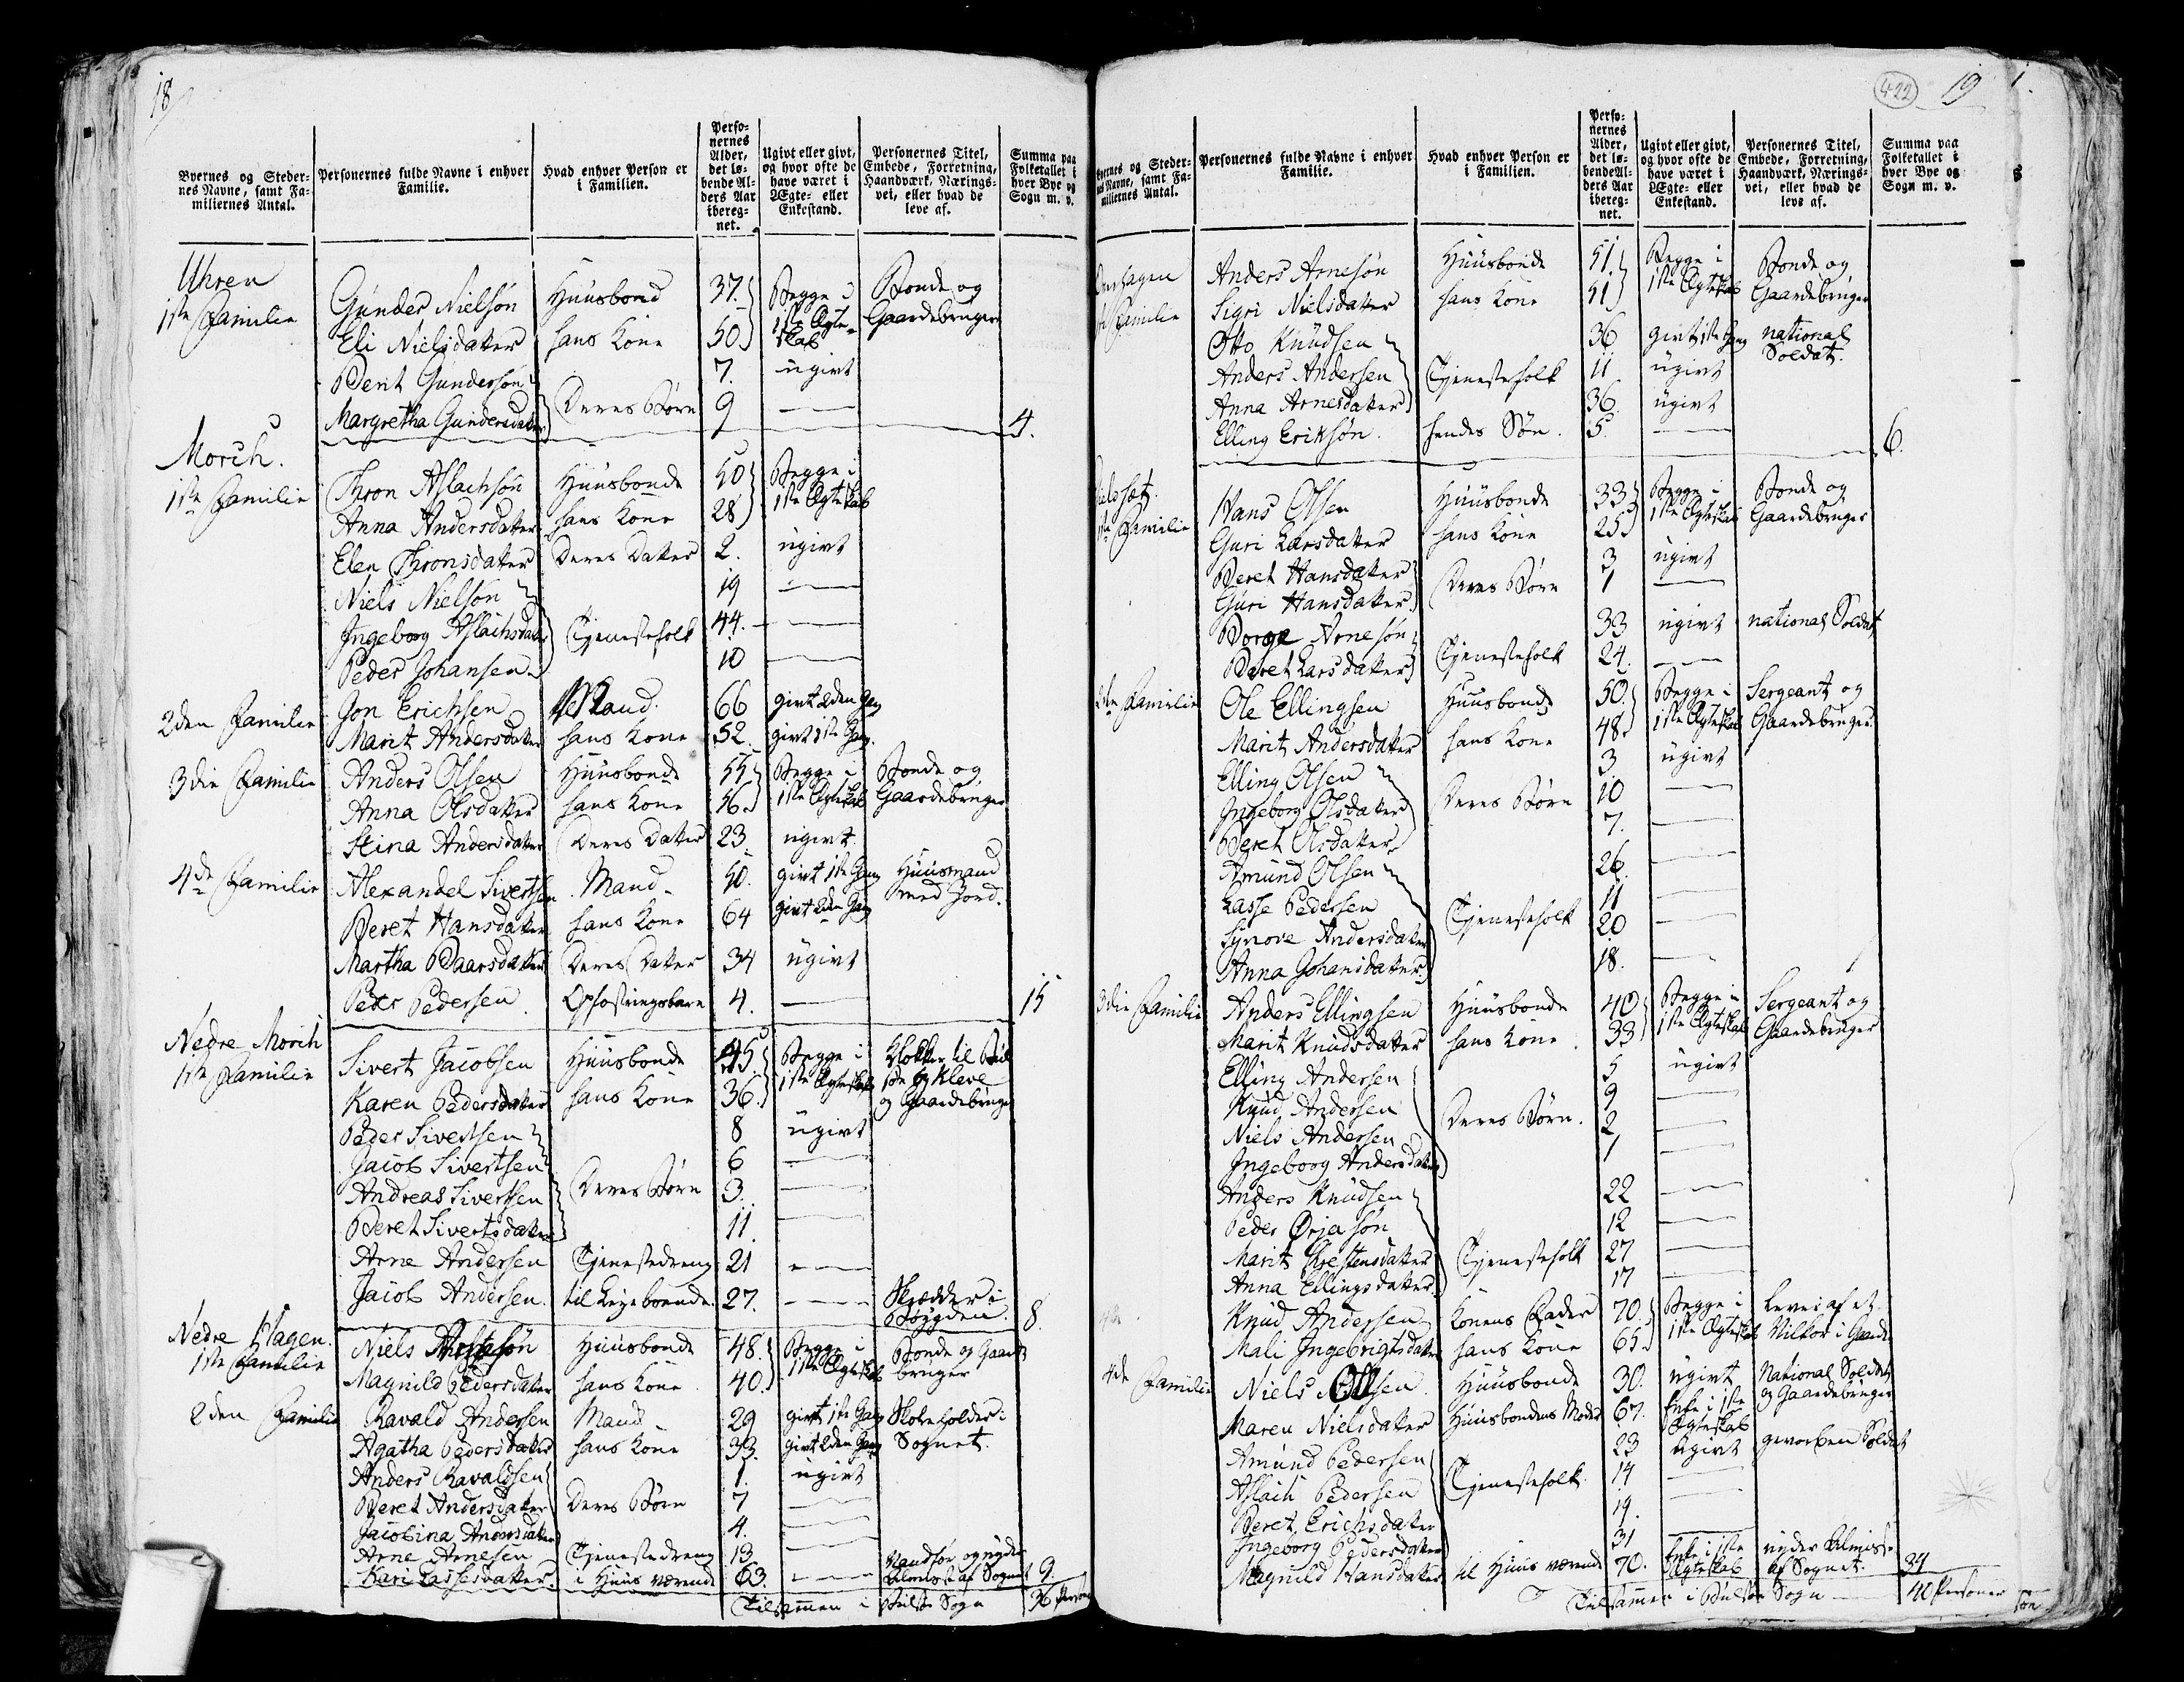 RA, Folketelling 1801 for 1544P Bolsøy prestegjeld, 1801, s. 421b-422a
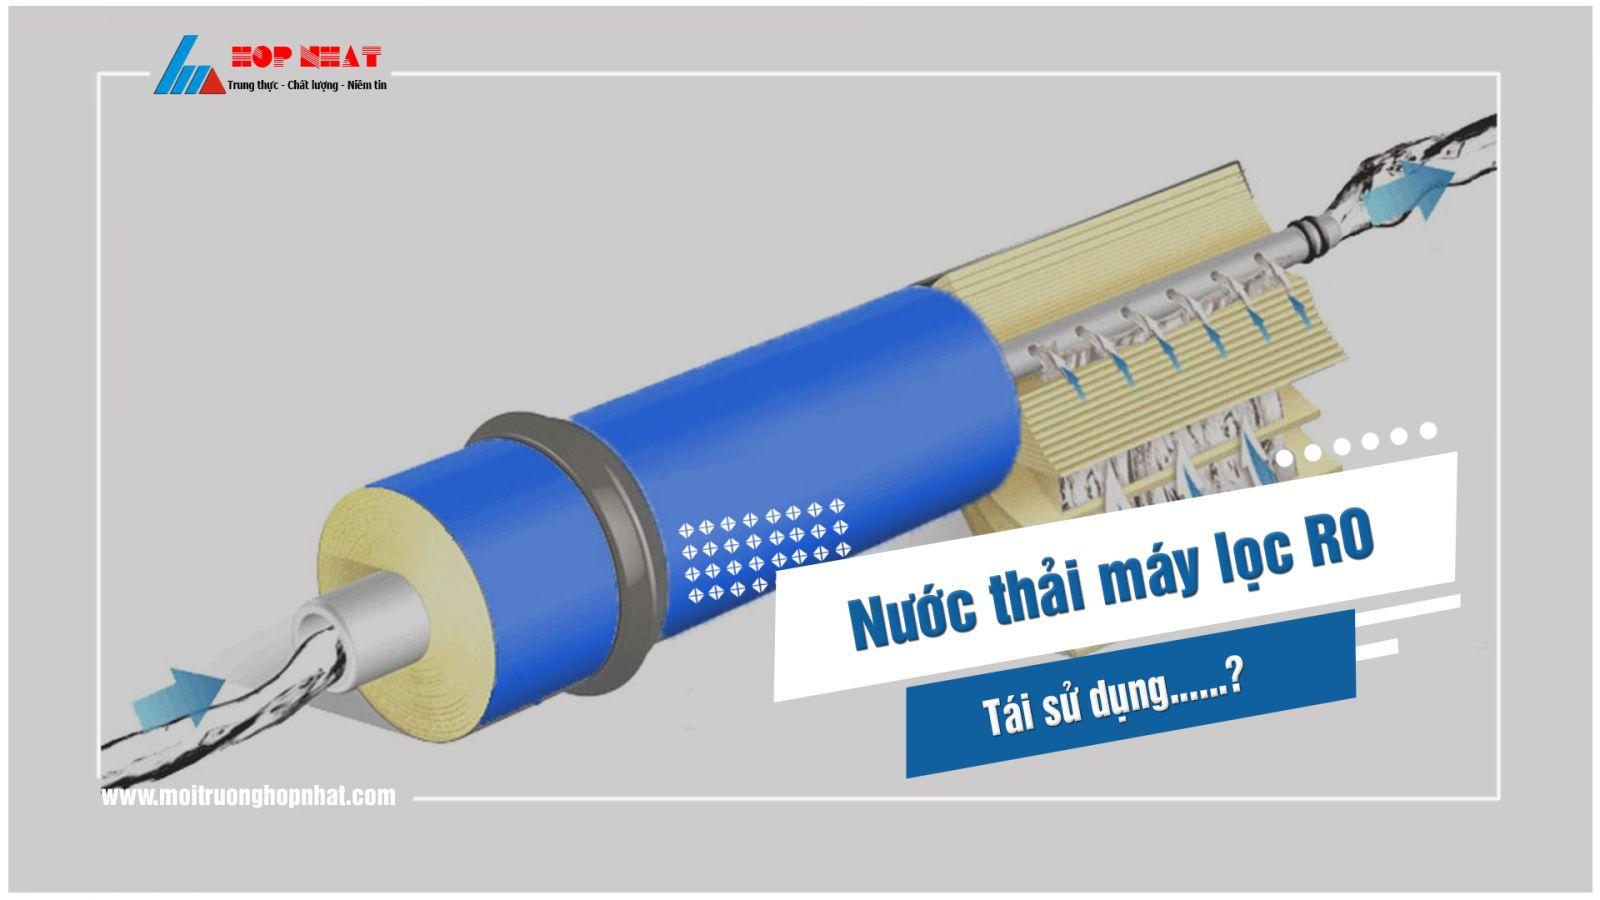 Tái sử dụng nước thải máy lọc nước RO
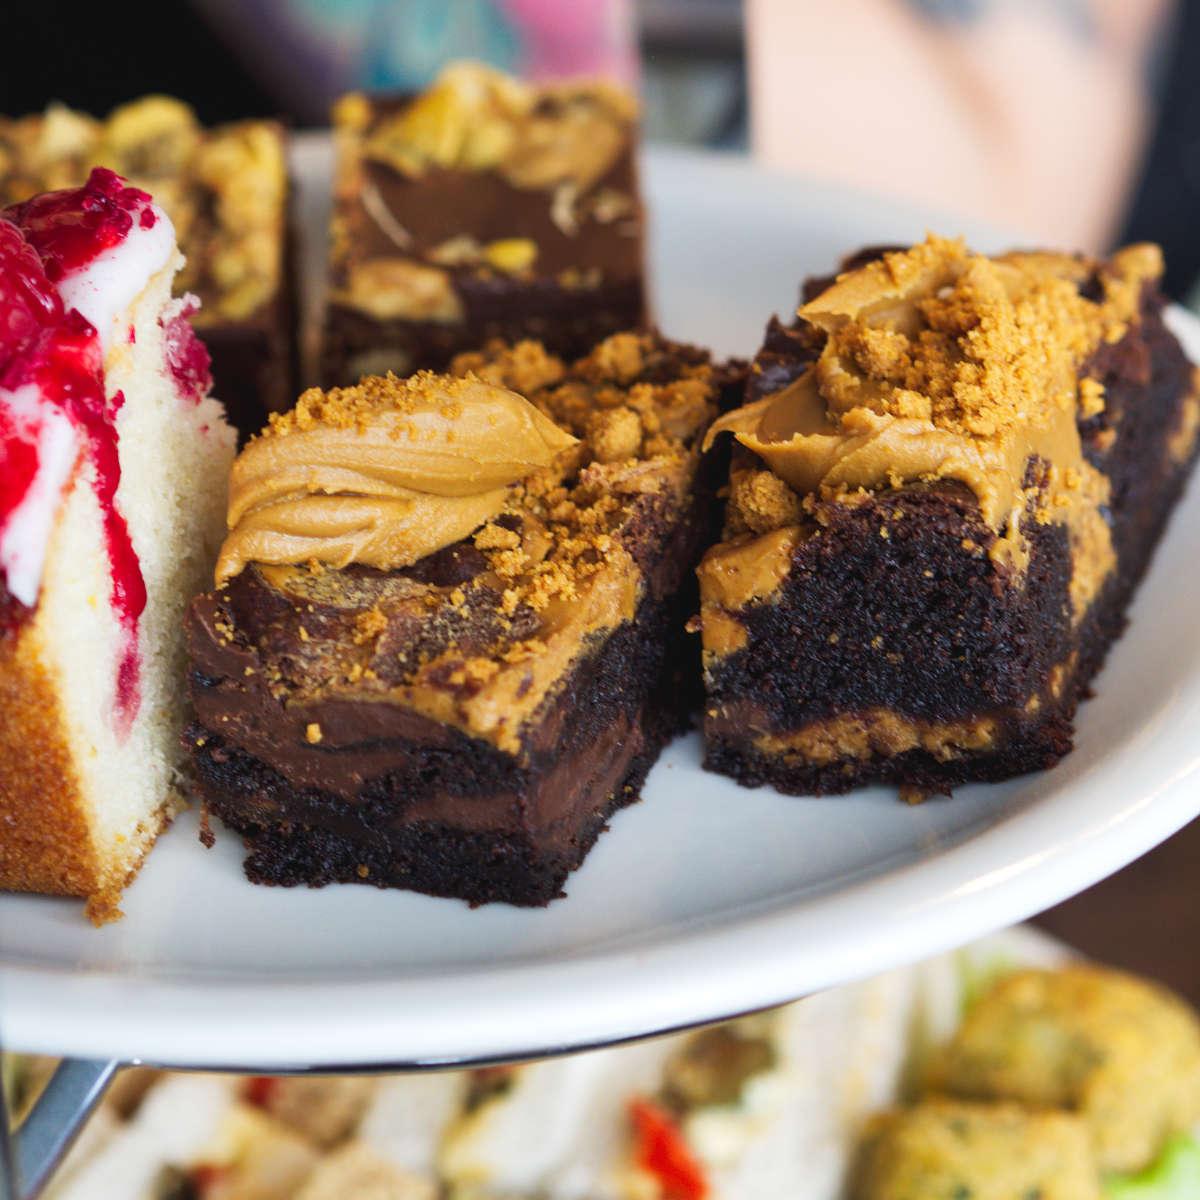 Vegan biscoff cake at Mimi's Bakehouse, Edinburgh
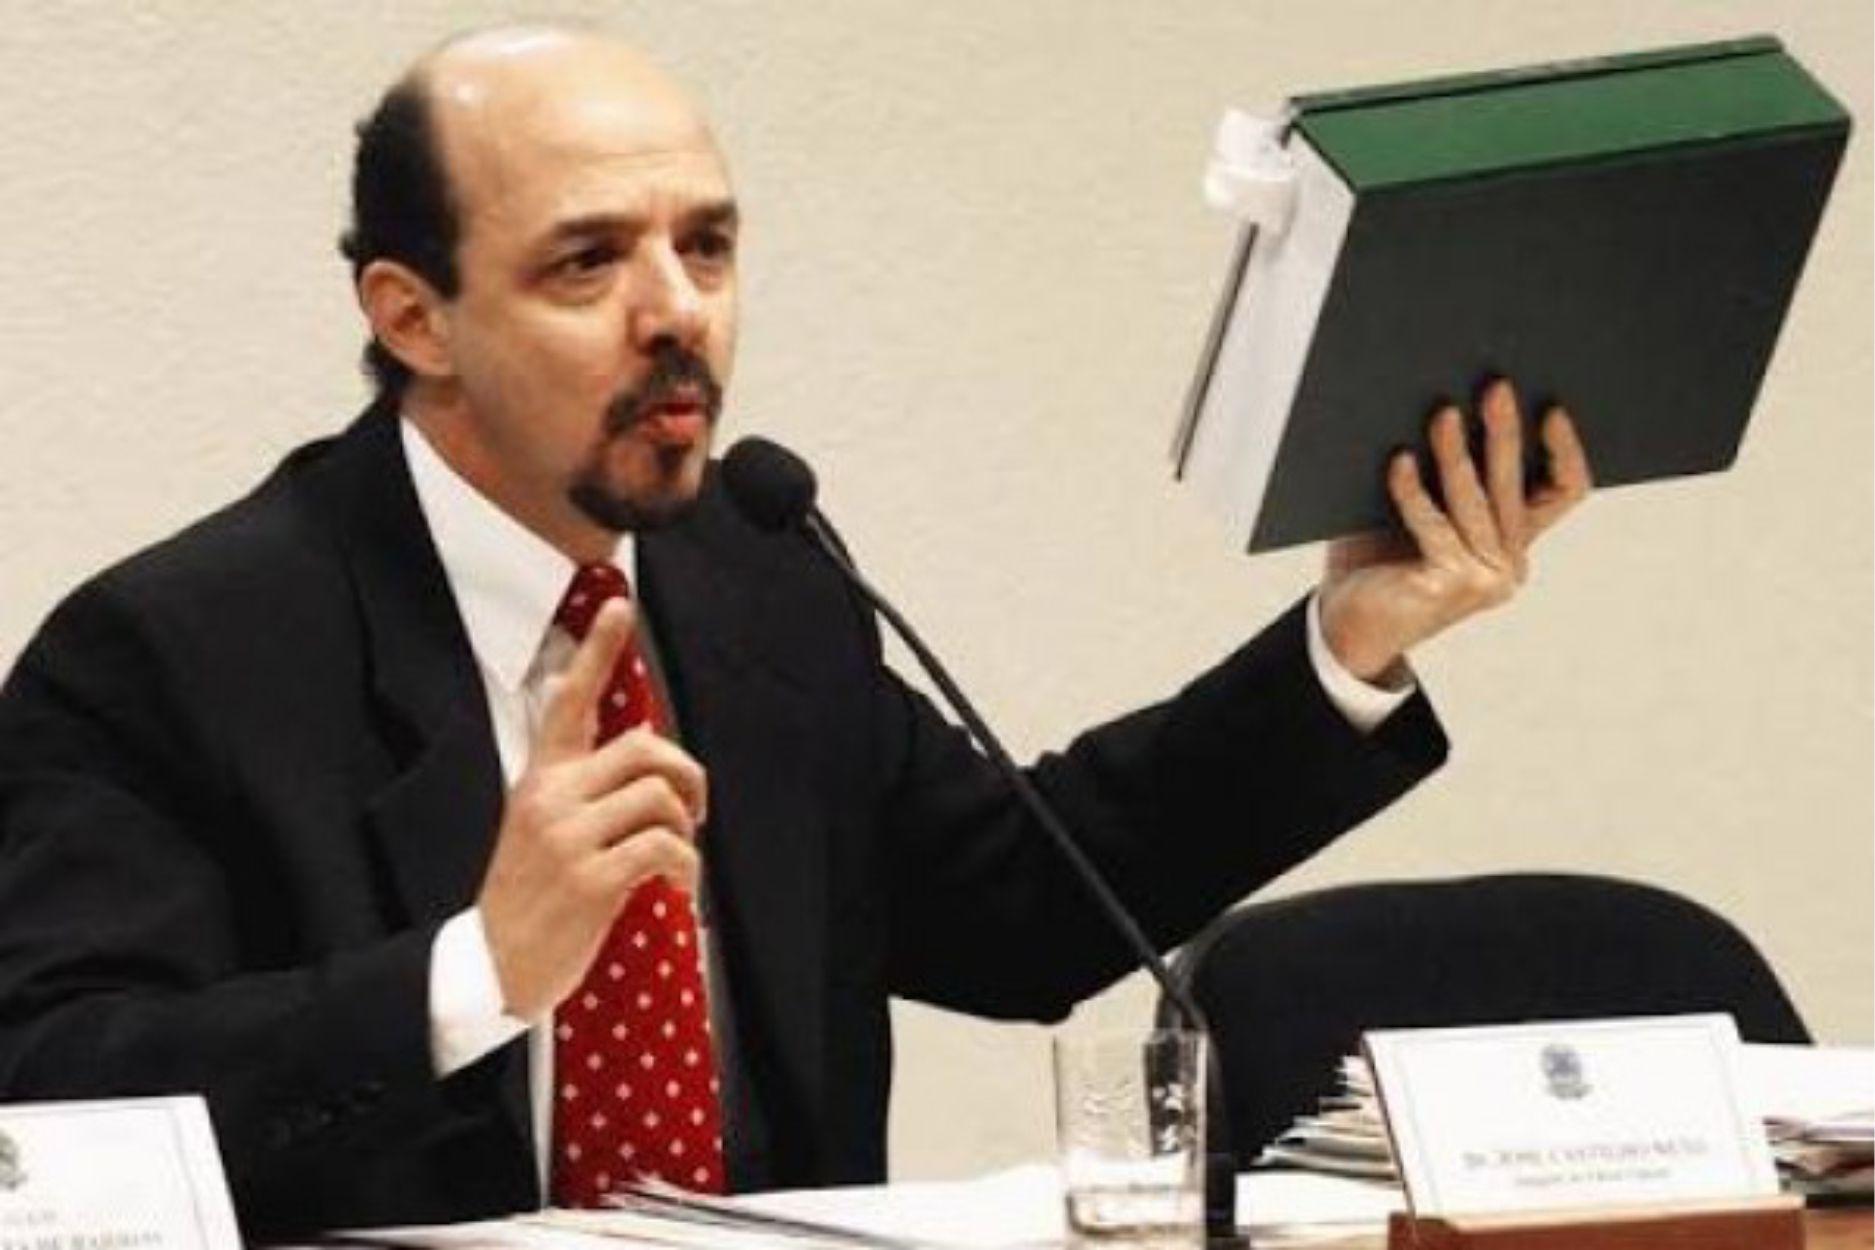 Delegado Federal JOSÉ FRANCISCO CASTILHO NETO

| Exercise objective |
All that is needed is the lines from the line holding "Vegan biscoff cake" to the final line of the listing above, repeated exactly, pictures excluded.

| Result of the exercise |
 Vegan biscoff cake at Mimi's Bakehouse, Edinburgh
 Delegado Federal JOSÉ FRANCISCO CASTILHO NETO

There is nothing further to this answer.